I looked through that earlier, when I was trying to figure out what on earth
you were needing to allocate 1GB of memory for.

As an aside, from one business owner to another, you really need to focus on
the message there. I went through quite a bit of the site, and wasn't clear on
how it could save me money. I own a computer software company (and act [most
of the time] as Chief Architect) , and we do LOTS of testing for our software.
In that sends, I'm pretty close to the ideal customer. I realize it helps with
testing, and allows testing to be easier, but in terms of what points of pain
is it addressing, I really don't know.

Although I have a BSBA (business) degree I have spent my whole professional
career developing software. It took me many hundreds of hours to get the words
as clear and convincing as they are now. It will probably take an expert writer
many more hundreds of hours to get the words clear and convincing enough.
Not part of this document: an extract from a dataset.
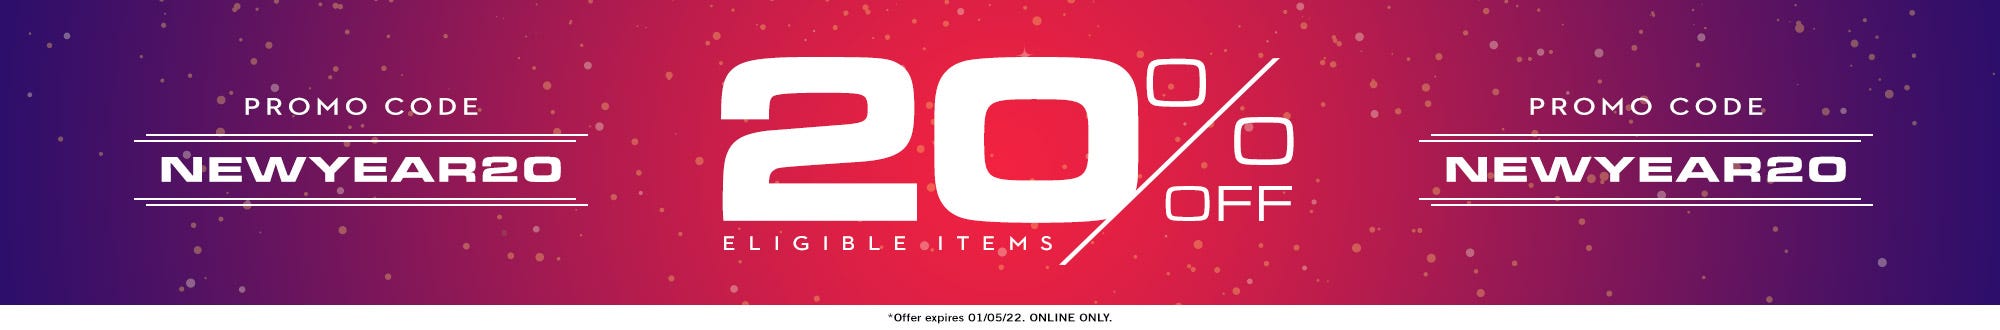 New Year Sale: 20% off
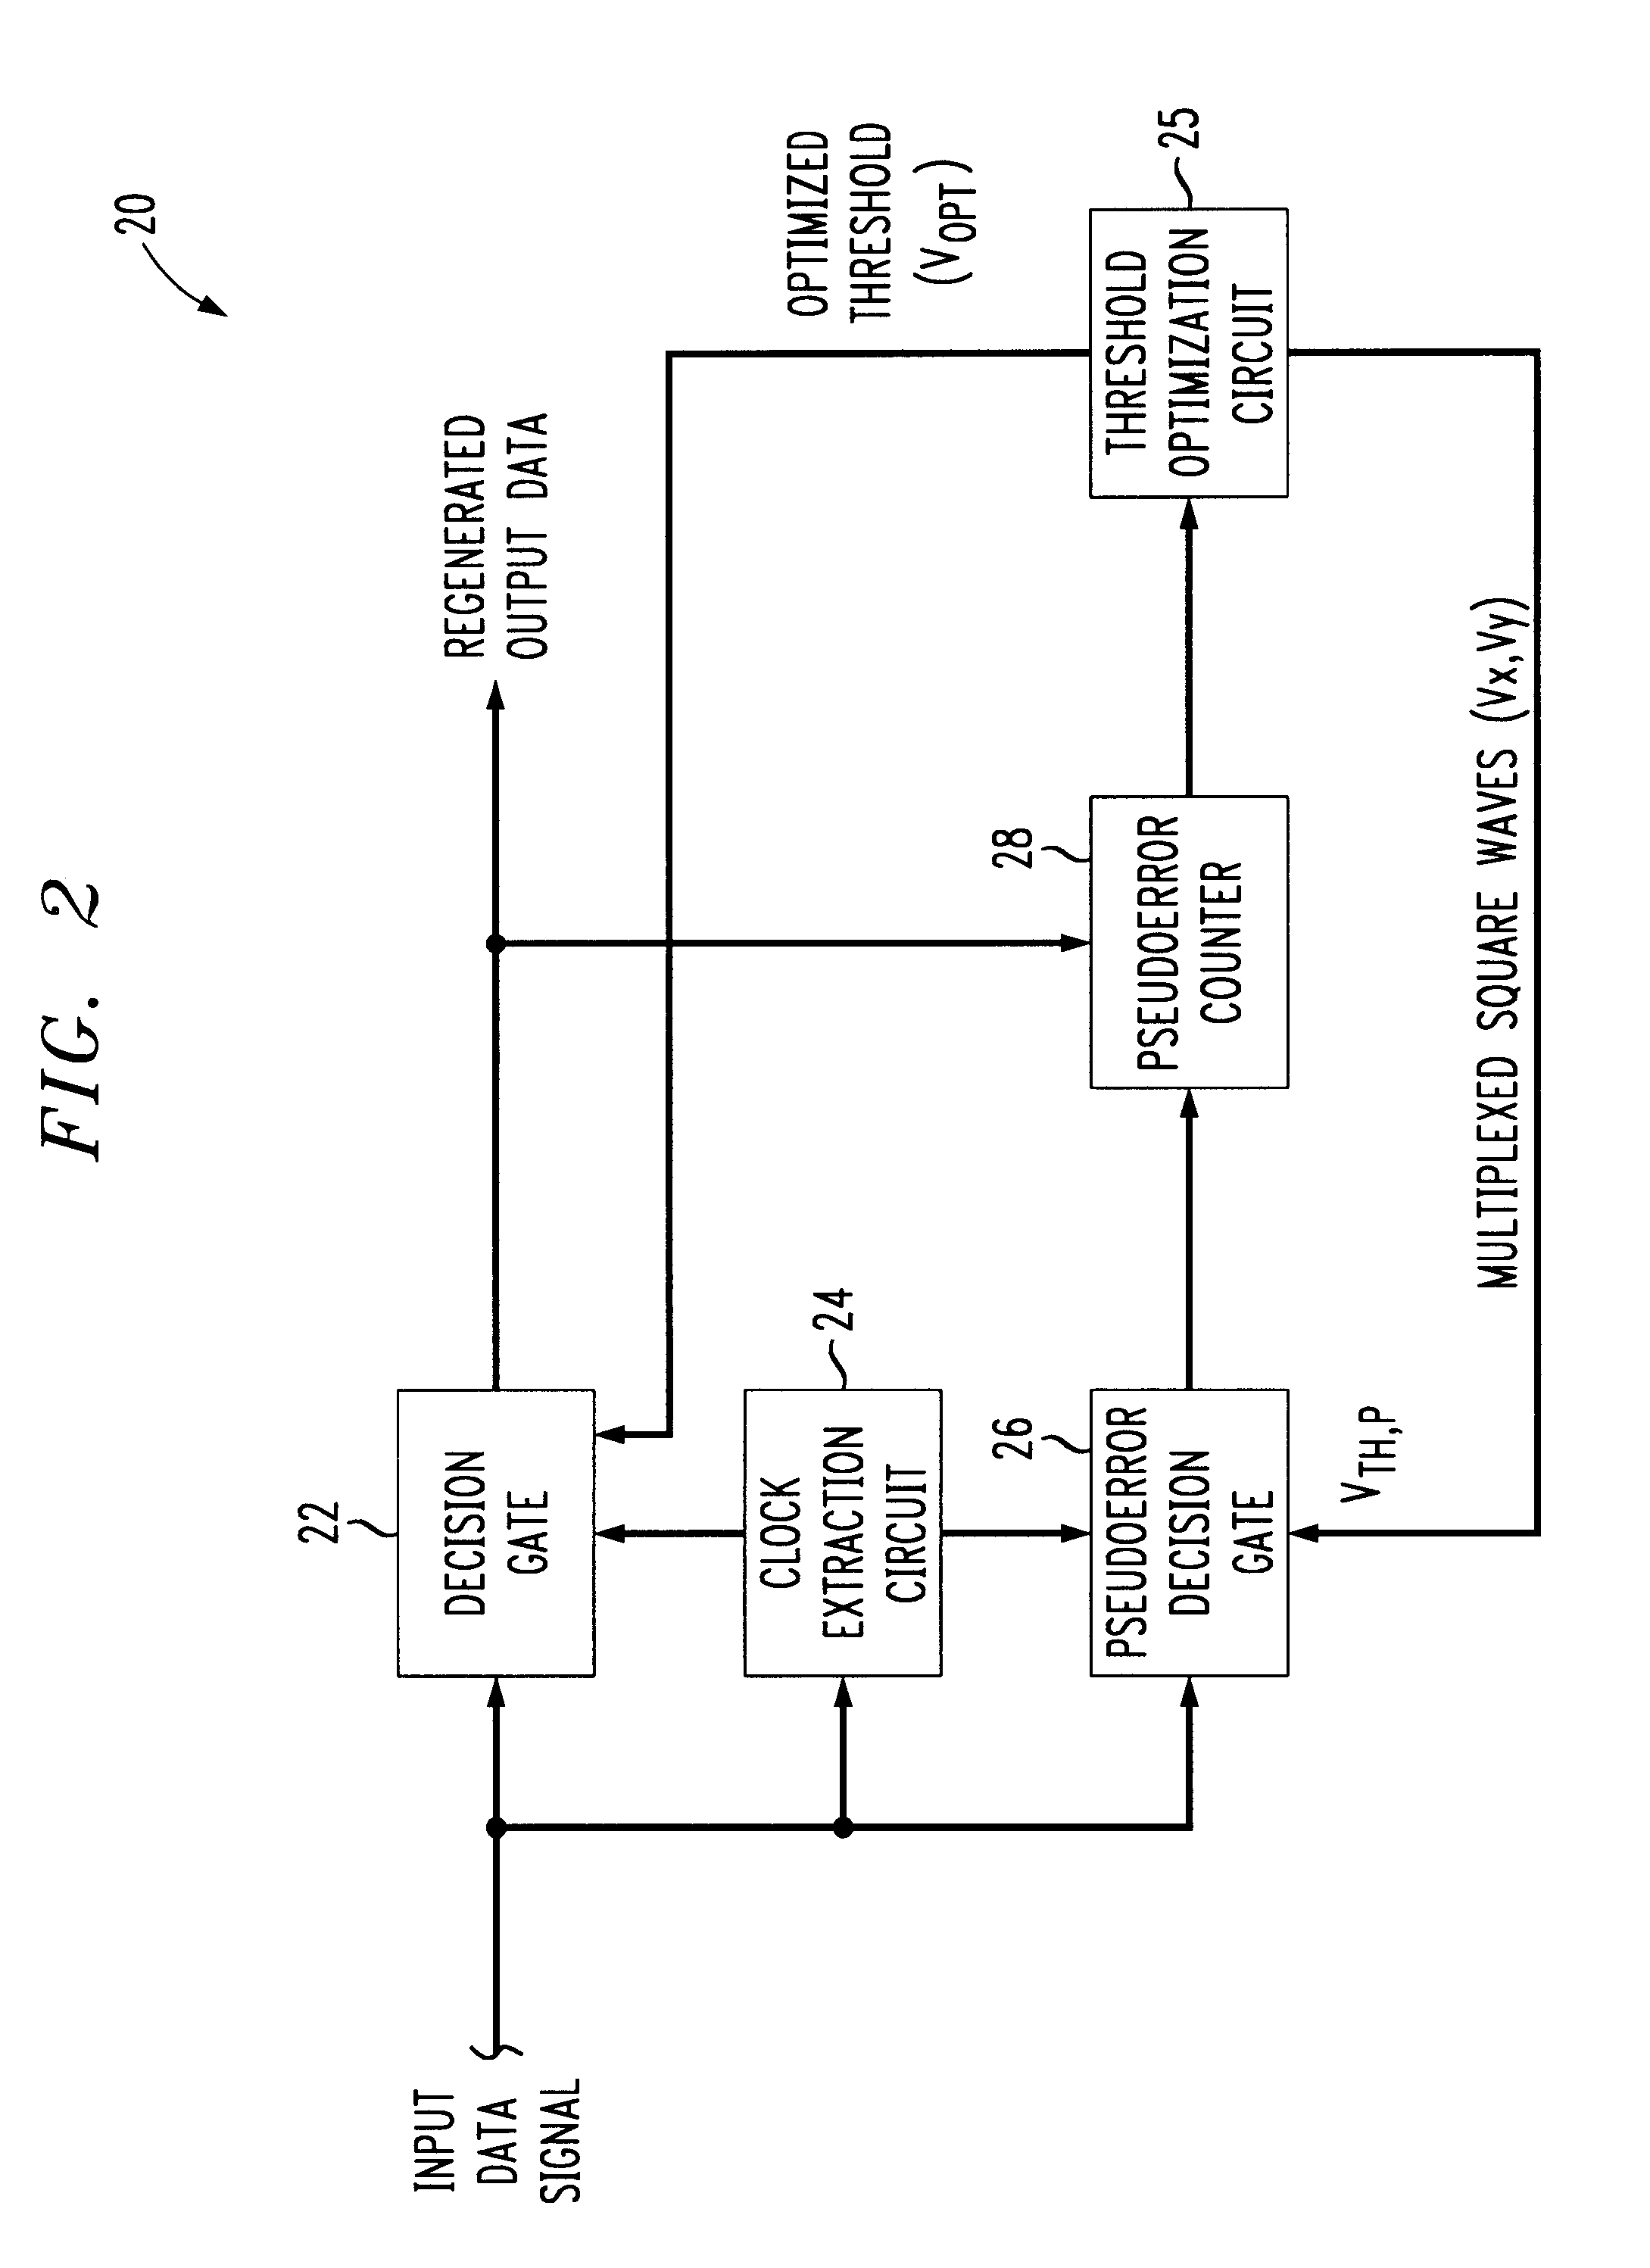 Adaptive threshold control circuit and method within high speed receivers

My current plan is to offer a combined GUI Scripting Language Mouse/Keyboard
macro recorder that can be used to place custom optimized user interfaces on top
of existing systems.
In addition to this product custom development using this product will be
provided as a service.

If it only saves 1/3 of the 75 million U.S. business computer users 5 minutes a
day, and they only make $10.00 an hour, this is worth billions of dollars per
year. Preliminary market studies indicate that saving 1/3 of all business
computer users an average of at least five minute a day is a reasonable
expectation.

My next big hurdle is to find a marketing partner with a little bit of capital.